Data Block Start

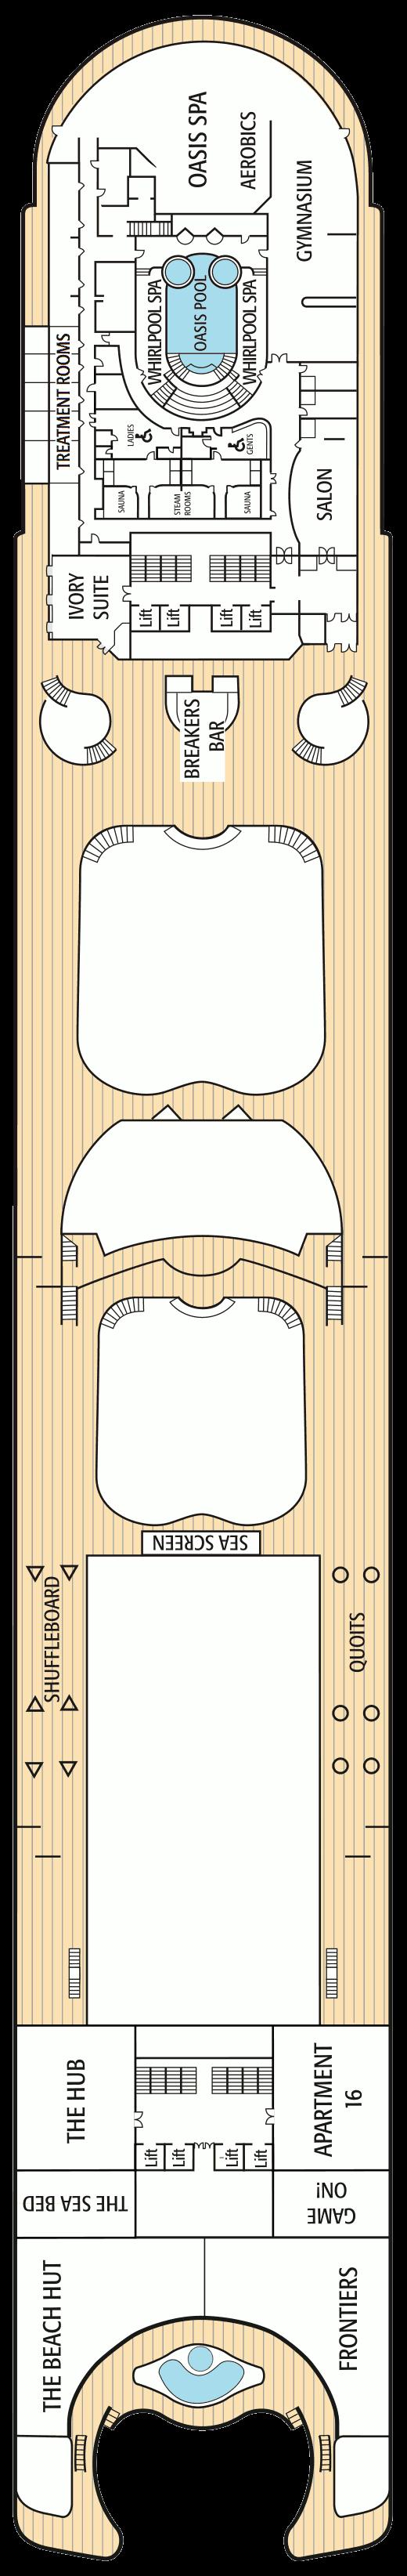 Azura Deck 16
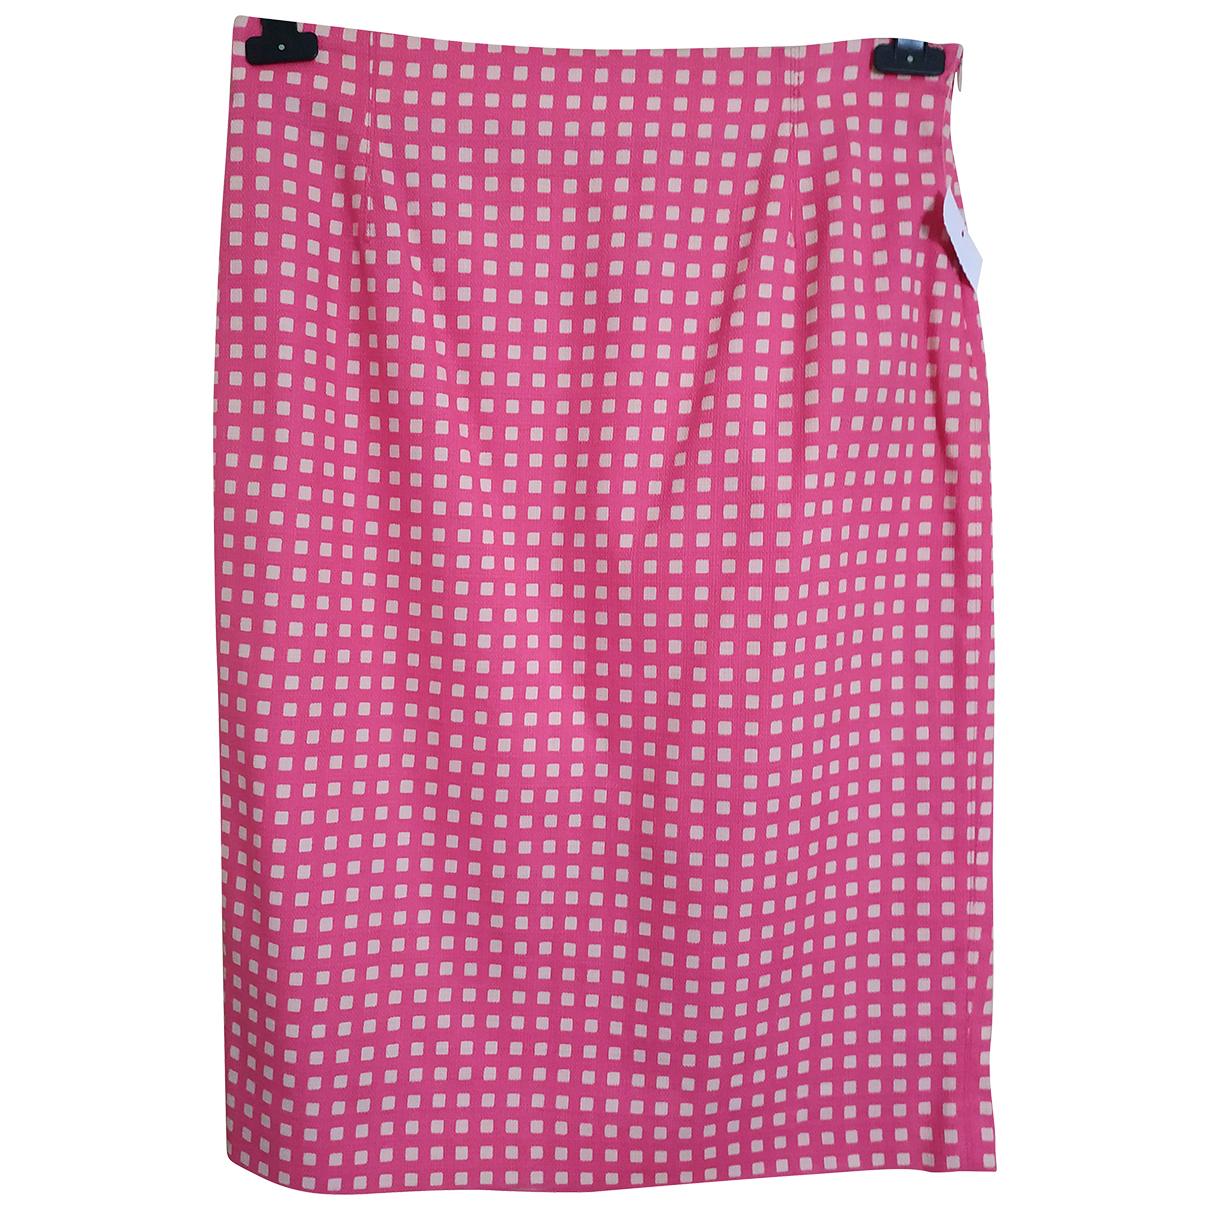 Max Mara N Multicolour Cotton skirt for Women 48 IT
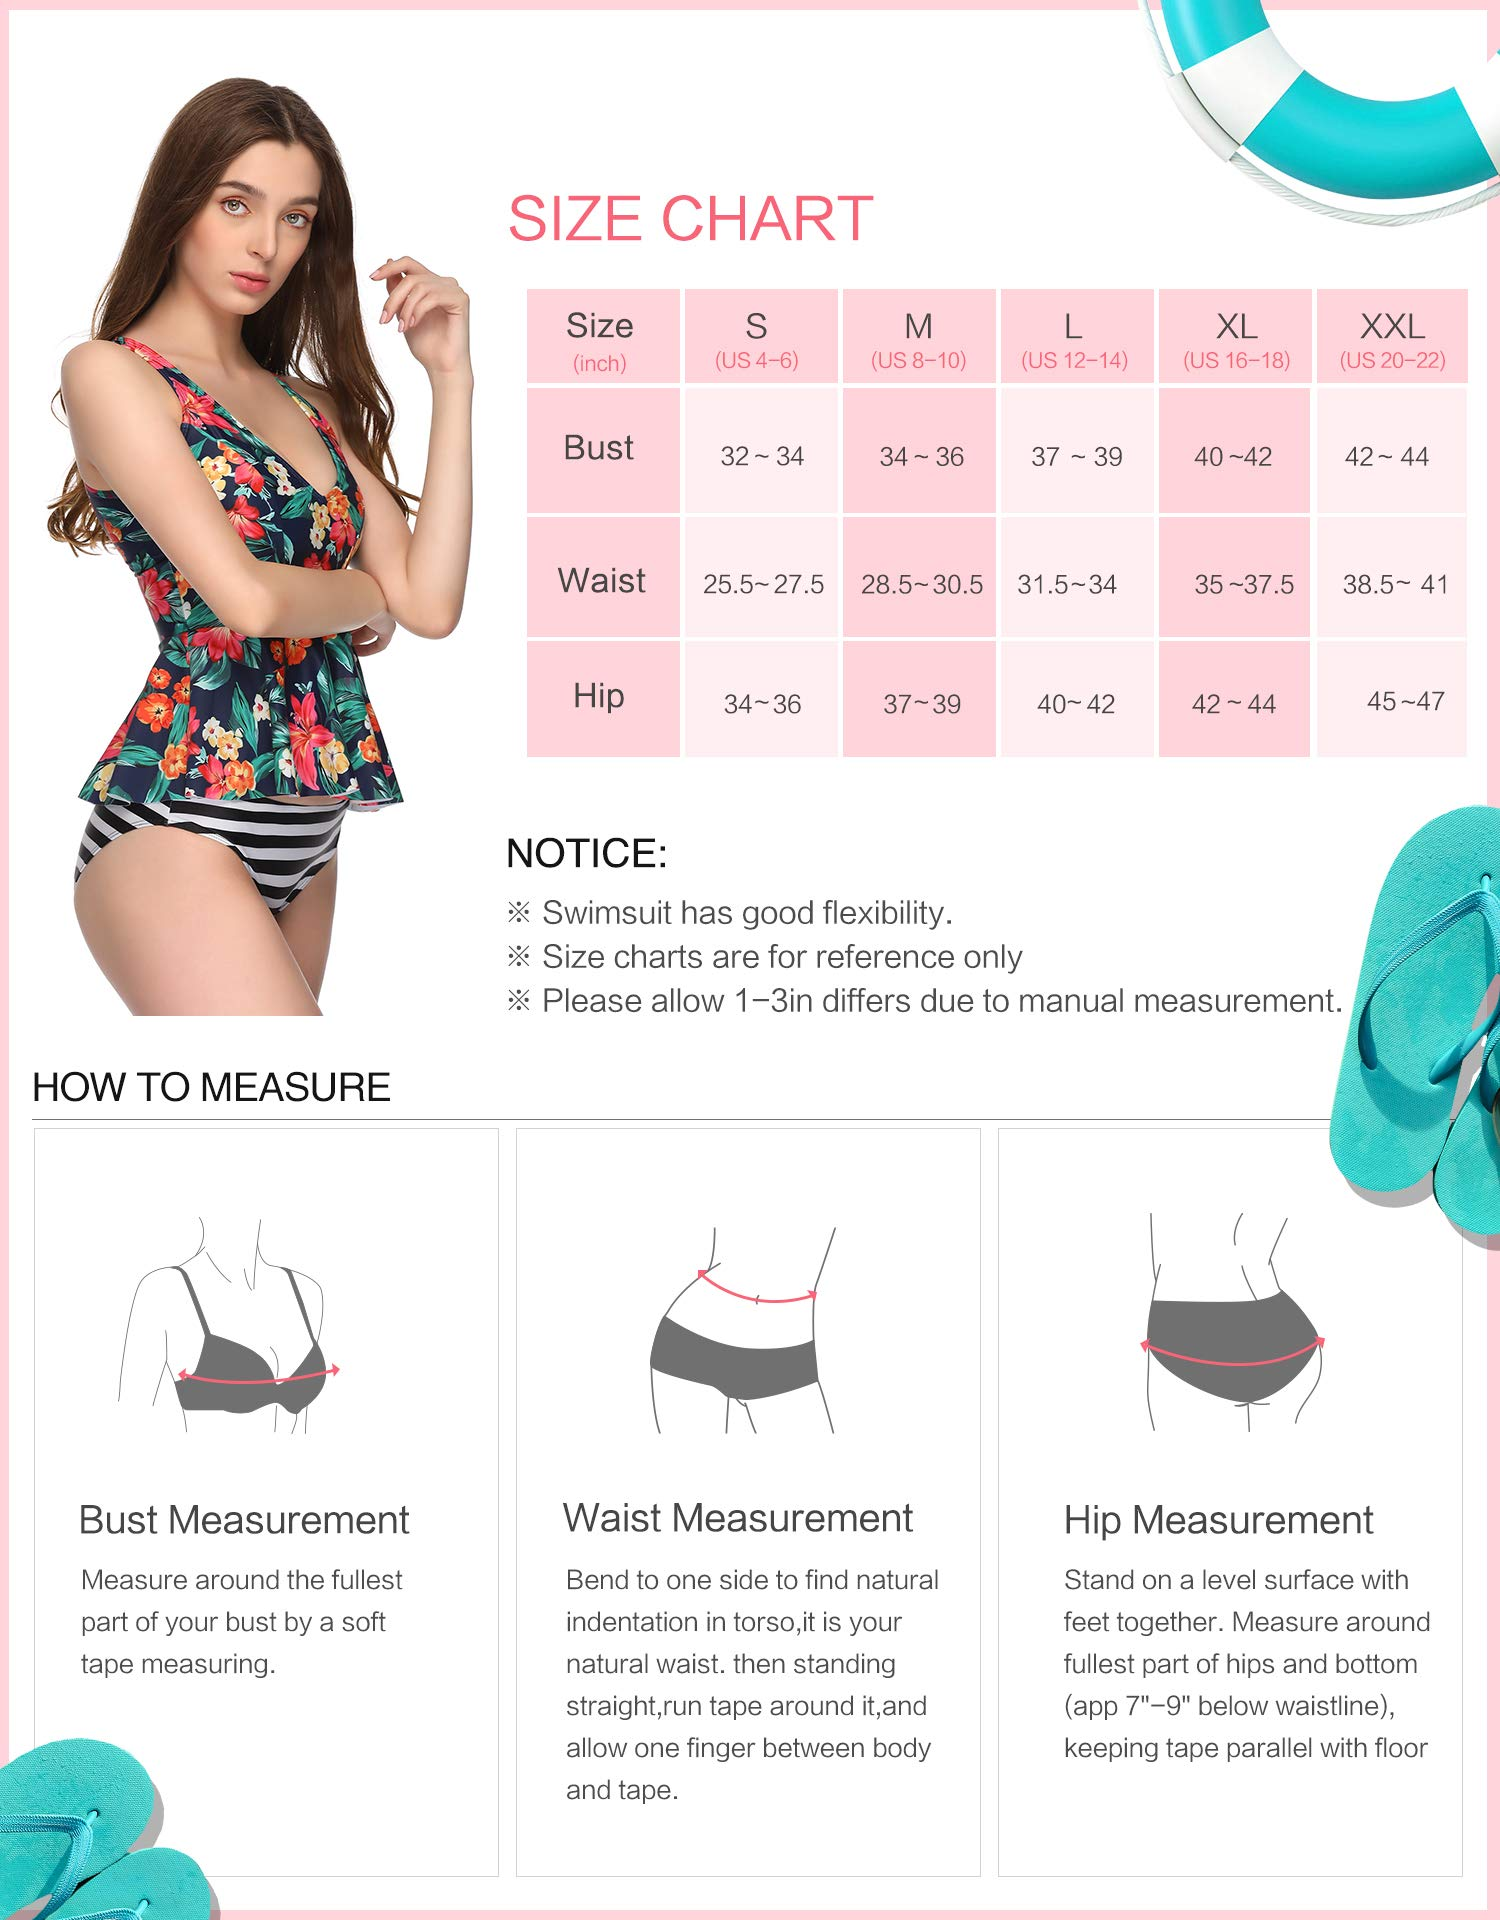 Verano Playa Women Tankini Swimsuit Ruched Ruffle Racerback Two Piece Striped Print Bathing Suit Tummy Control Swimwear
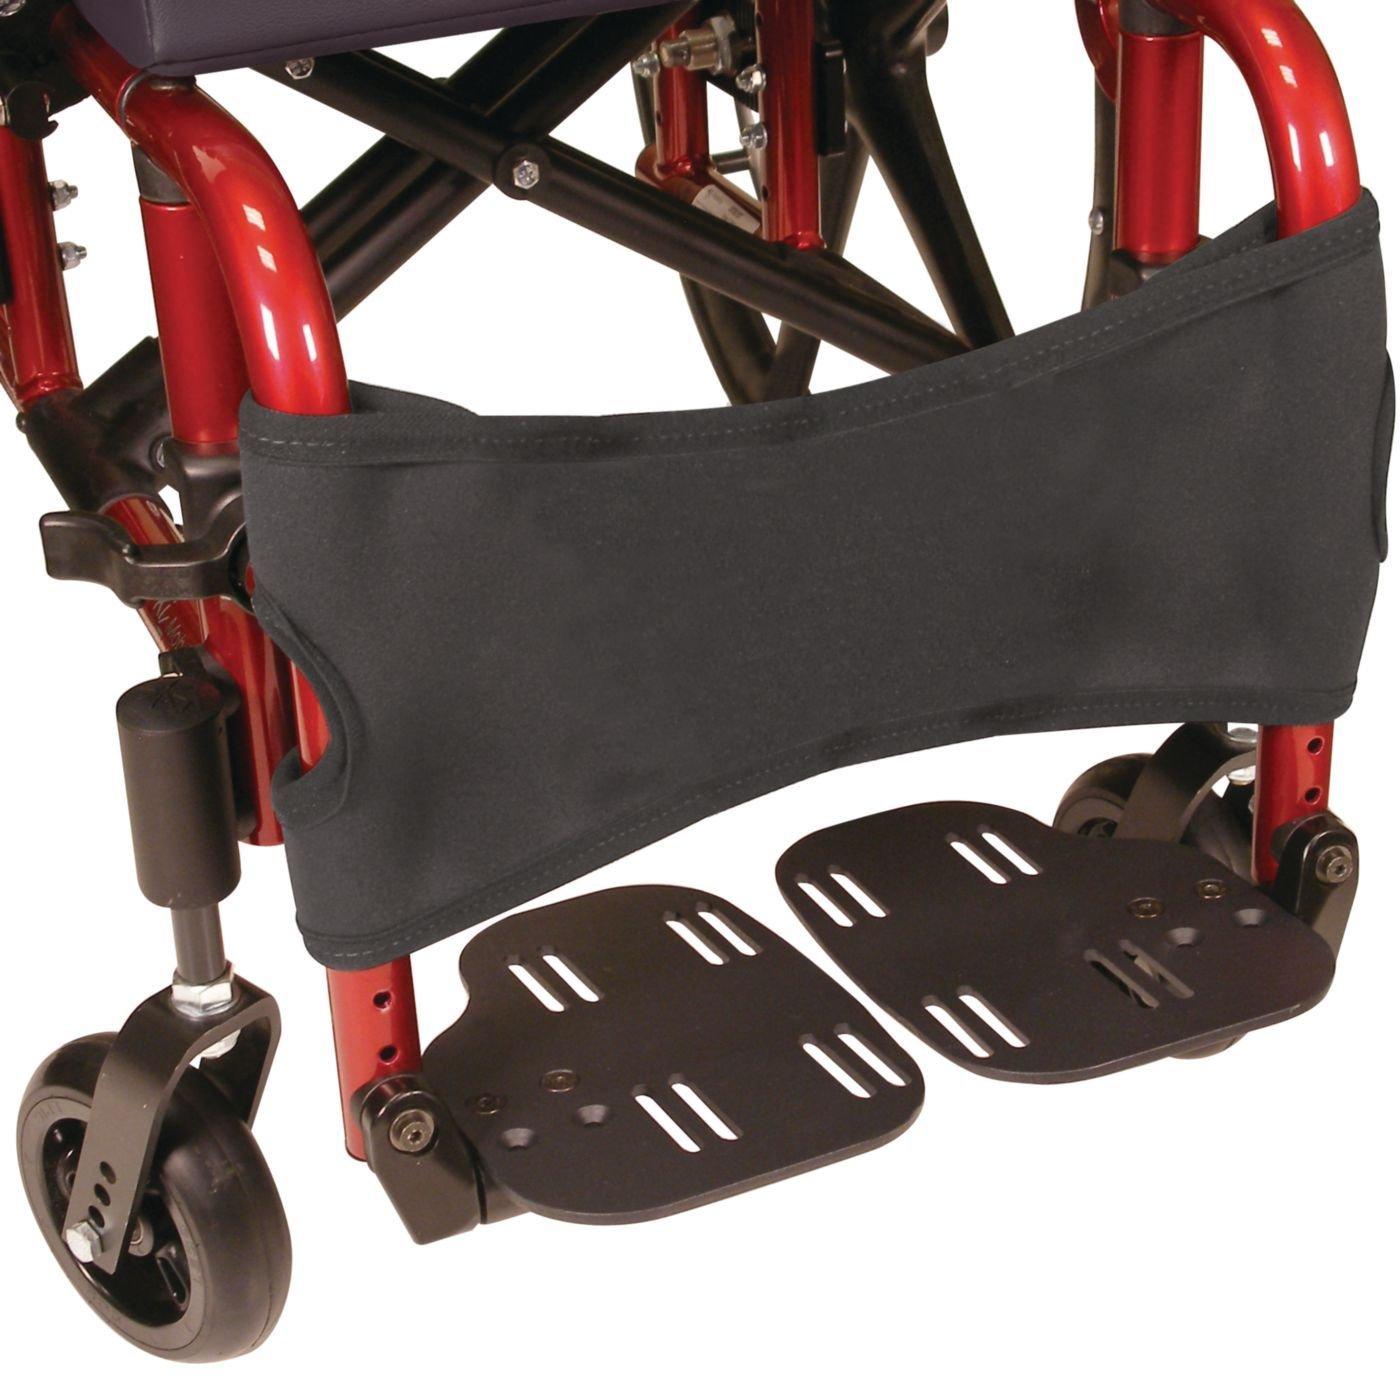 Therafin Calf Panel, Convenience Pocket, Medium, Wheelchair Leg Support

Data Block End

(Exercise prompt):
Beginning with the line that contains "Verano Playa Women", output each line of the material above through the last one exactly as it stands. Do not include the pictures.

(Response below):
 Verano Playa Women Tankini Swimsuit Ruched Ruffle Racerback Two Piece Striped Print Bathing Suit Tummy Control Swimwear
 Therafin Calf Panel, Convenience Pocket, Medium, Wheelchair Leg Support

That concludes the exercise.